Demande d’extradition François Compaoré: Vivement le 13 juin !

Il faut croire que le chiffre 13, maudit dans de nombreuses croyances, poursuit François Compaoré depuis maintenant 20 ans.

13 décembre 1998 : Norbert Zongo et 3 de ses compagnons d’infortune sont assassinés en rade de Sapouy, leurs corps brûlés. Tout de suite, beaucoup voient la piste du pouvoir en place, notamment la main de François Compaoré, puisque le directeur de publication du journal L’Indépendant enquêtait, à l’époque, sur la mort suspecte de David Ouédraogo, son chauffeur.

13 décembre 2017 : 19 ans, jour pour jour, après l’autodafé de Sapouy, comme si la justice française avait cyniquement choisi exprès cette date, le principal suspect était entendu pour la première fois par la Cour d’appel de Paris au sujet de la demande d’extradition formulée par les autorités burkinabè. 45 jours plus tôt, le 29 octobre, il avait été interpellé à l’aéroport Roissy Charles de Gaulle puis placé sous contrôle judiciaire en vertu du mandat d’arrêt international lancé contre lui par la justice burkinabè, le 5 mai 2017.

13 juin 2018 : C’est ce jour-là qu’on saura si celui qu’on appelait jadis « Le petit président » sera extradé ou pas vers son pays natal. Ainsi en a décidé la Chambre de contrôle de l’instruction de la Cour d’appel de Paris à l’issue de son audience qui s’est tenue hier, mercredi 28 mars 2018.

Plus que deux mois et demi donc pour que François soit fixé sur son sort qui s’est joué hier au cours d’une passe d’armes entre ses conseils et ceux de l’Etat burkinabè. Les premiers, avec à leur tête le ténor Me Pierre-Olivier Sur, ont dénoncé les failles de la demande d’extradition burkinabè, en particulier l’inexistence, selon eux, de documents incriminant leur client pour la simple raison que jusqu’à la date d’hier, les fameuses pièces à charge n’avaient pas été transmises à la justice hexagonale.

Autre argument de la défense, la peine de mort qui existe toujours dans l’arsenal répressif burkinabè, situation à laquelle s’agrippent François Compaoré et ses avocats comme à une bouée de sauvetage, quand bien même la sentence suprême n’aurait pas été appliquée au Burkina depuis bien longtemps et que les autorités ont assuré que « le petit président » ne sera pas envoyé devant le peloton d’exécution, si d’aventure les magistrats burkinabè le condamnaient à cette peine.
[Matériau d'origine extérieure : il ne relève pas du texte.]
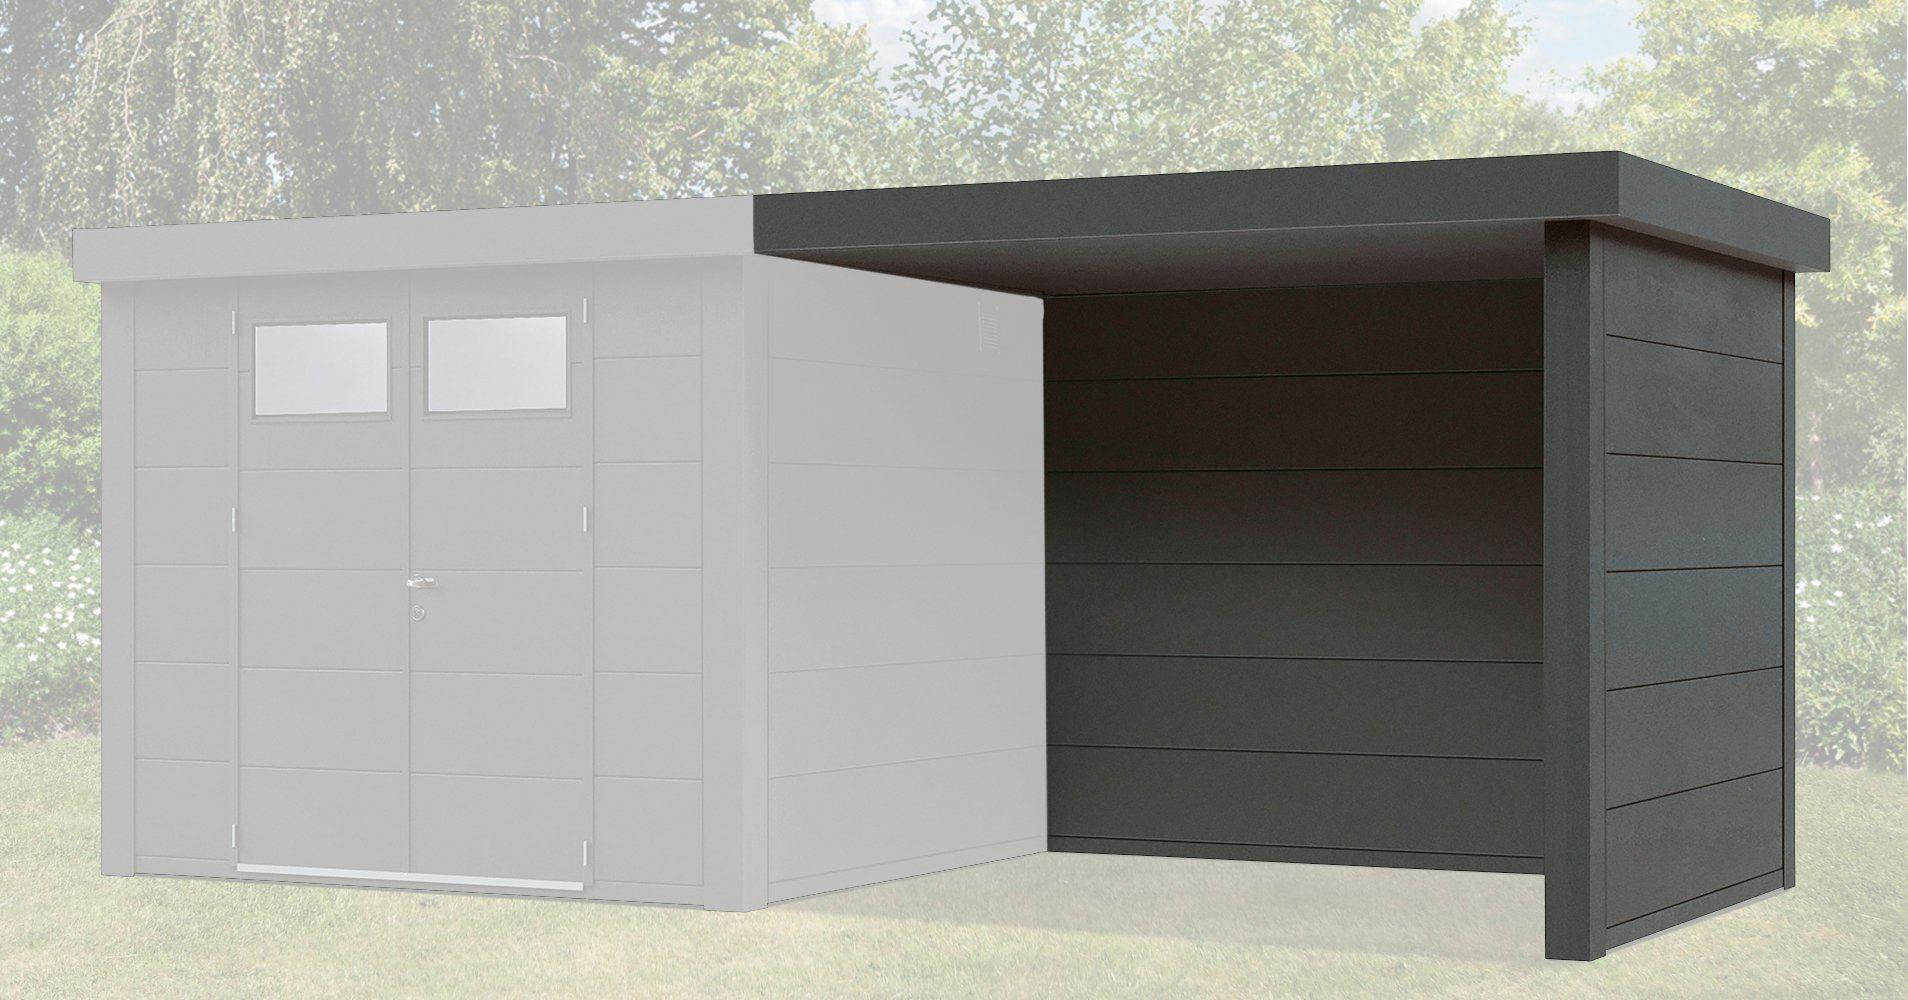 WOLFF Anbau »Lounge anthrazit«, für Stahlgerätehaus »Eleganto 2424« und »Eleganto 3024« | Garten > Gerätehäuser | Wolff

Enfin et surtout, l’immixtion grotesque de Jupiter qui a mis les pieds dans les plats du troisième pouvoir lors de son séjour à Ouagadougou en fin novembre 2017. Interrogé sur le sujet, le président français, Emmanuel Macron, avait en effet déclaré que la réponse de la justice à la demande d’extradition serait probablement favorable.

Si on ajoute à ces grosses coquilles le fait que l’avocate générale elle-même avait relevé un manque de pièces dans le dossier pour pouvoir statuer et avait, en ce sens, requis un complément d’informations, on  a bien peur que l’affaire soit mal engagée pour l’Etat burkinabè, le pays réel et le peuple insurgé qui rêvent de voir la tête de François suspendue à un croc de boucher, comme qui dirait.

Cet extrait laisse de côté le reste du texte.